• **DATASET EXTRACT**:
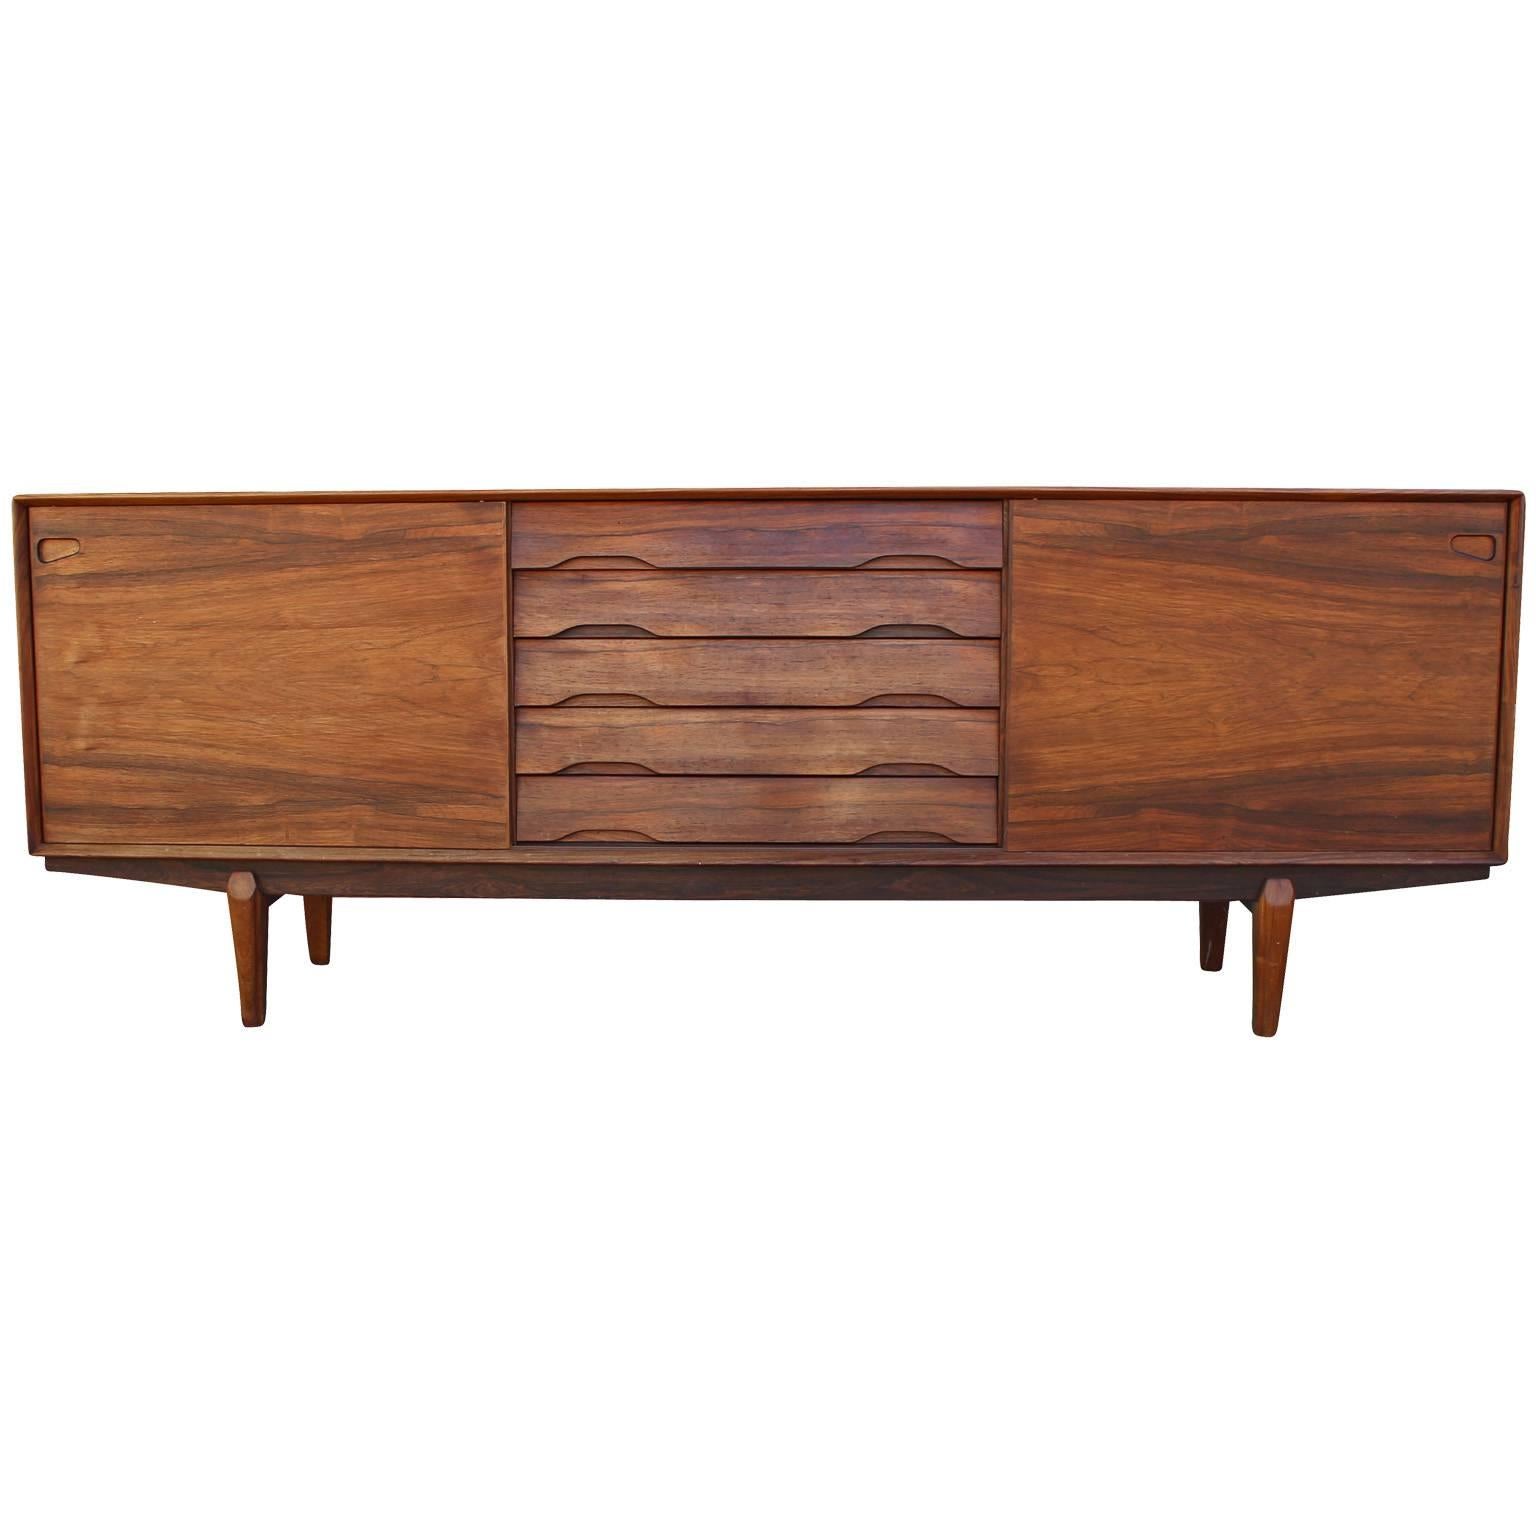 Wonderful credenza and hutch by Skovby. Rosewood has a dramatic grain. Hutch lifts off credenza. Credenza has two sliding doors and five drawers. Sliding doors open up to adjustable shelving. Top of five drawers is lined in green felt and slotted
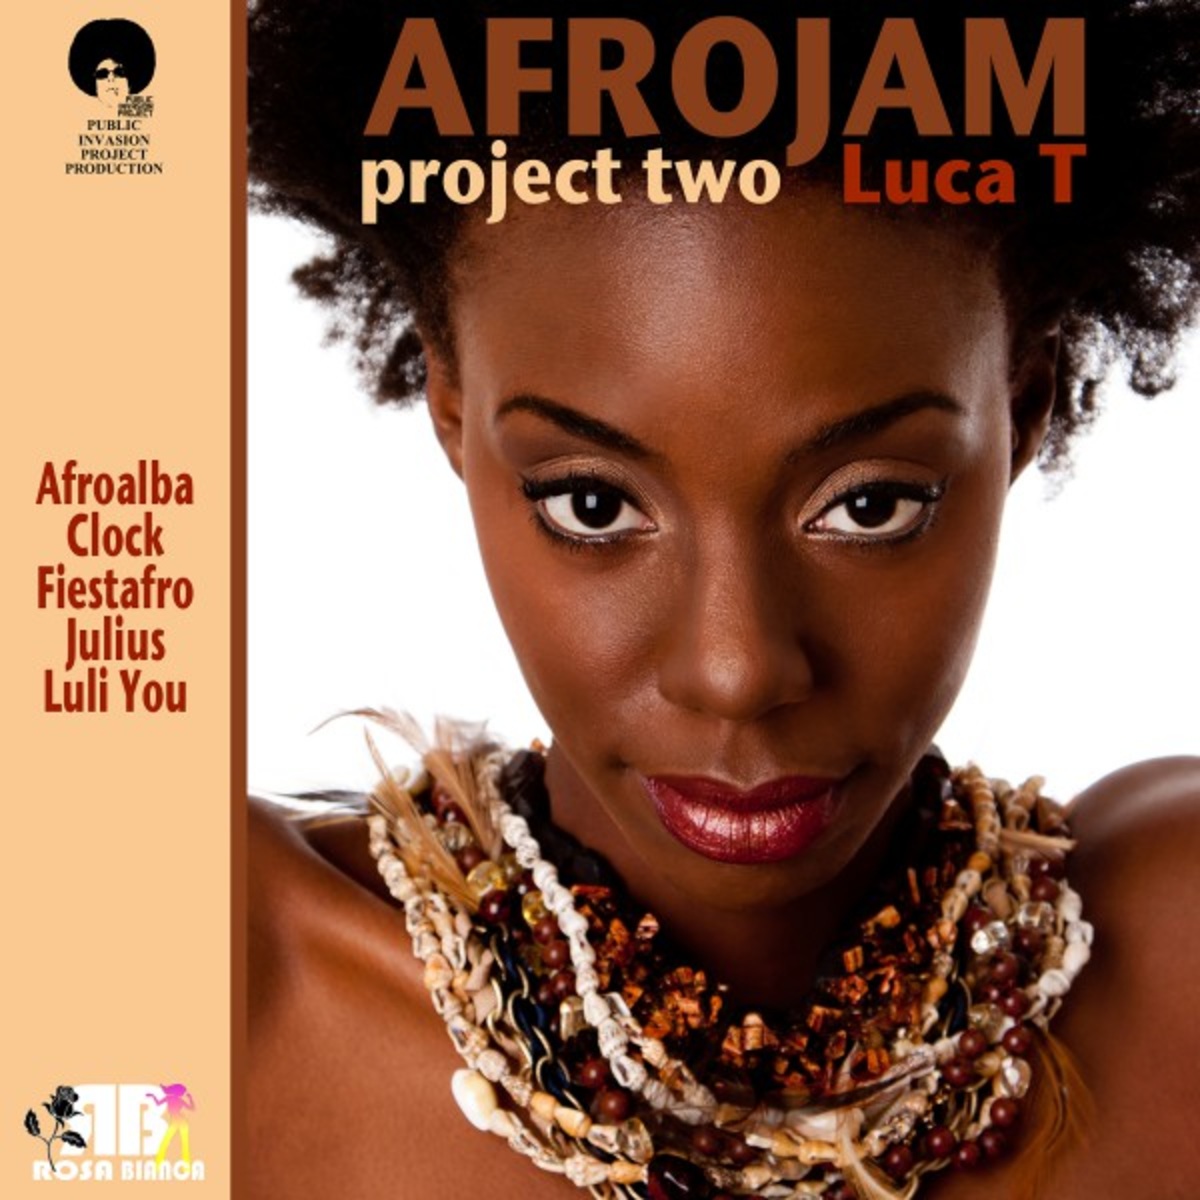 Luca T - Afrojam (Project Two) / Rosa Bianca Label
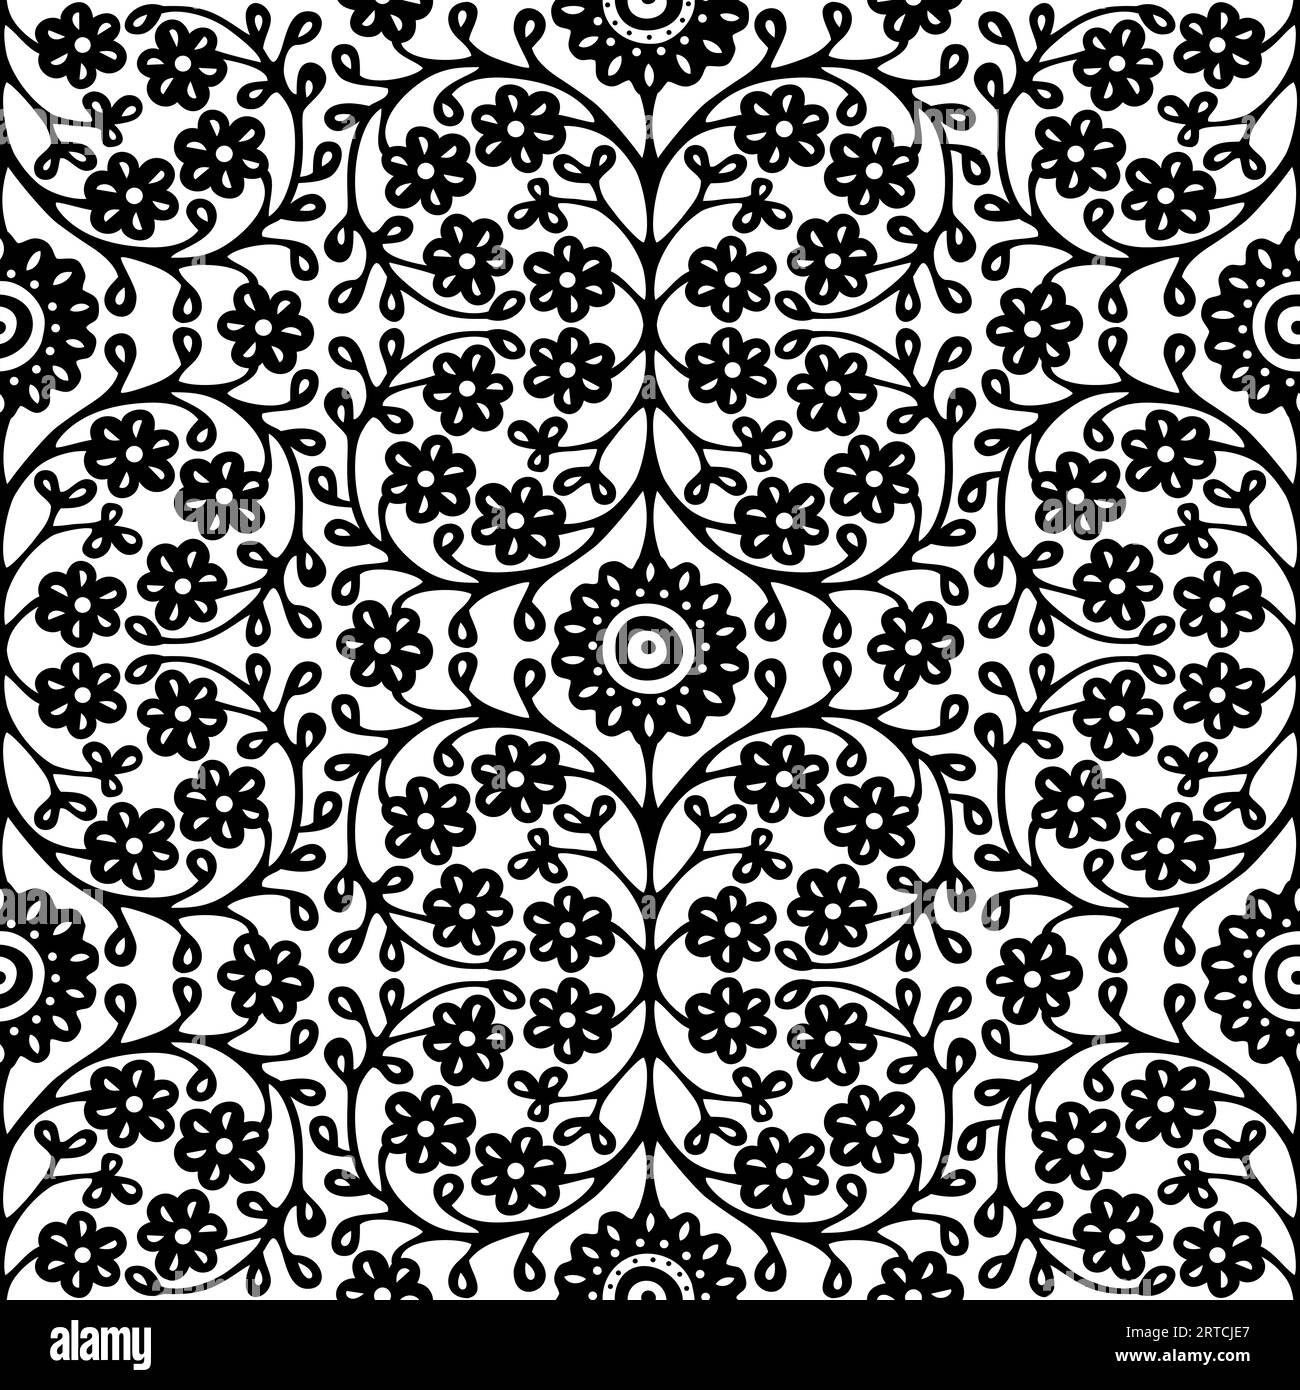 Seamless pattern with Indian ethnic flowers in black and white Stock Photo

• **TASK GOAL**:
The listing above must be given again exactly, minus its pictures.

• **RESPONSE TO THE TASK**:
 Wonderful credenza and hutch by Skovby. Rosewood has a dramatic grain. Hutch lifts off credenza. Credenza has two sliding doors and five drawers. Sliding doors open up to adjustable shelving. Top of five drawers is lined in green felt and slotted
 Luca T - Afrojam (Project Two) / Rosa Bianca Label
 Seamless pattern with Indian ethnic flowers in black and white Stock Photo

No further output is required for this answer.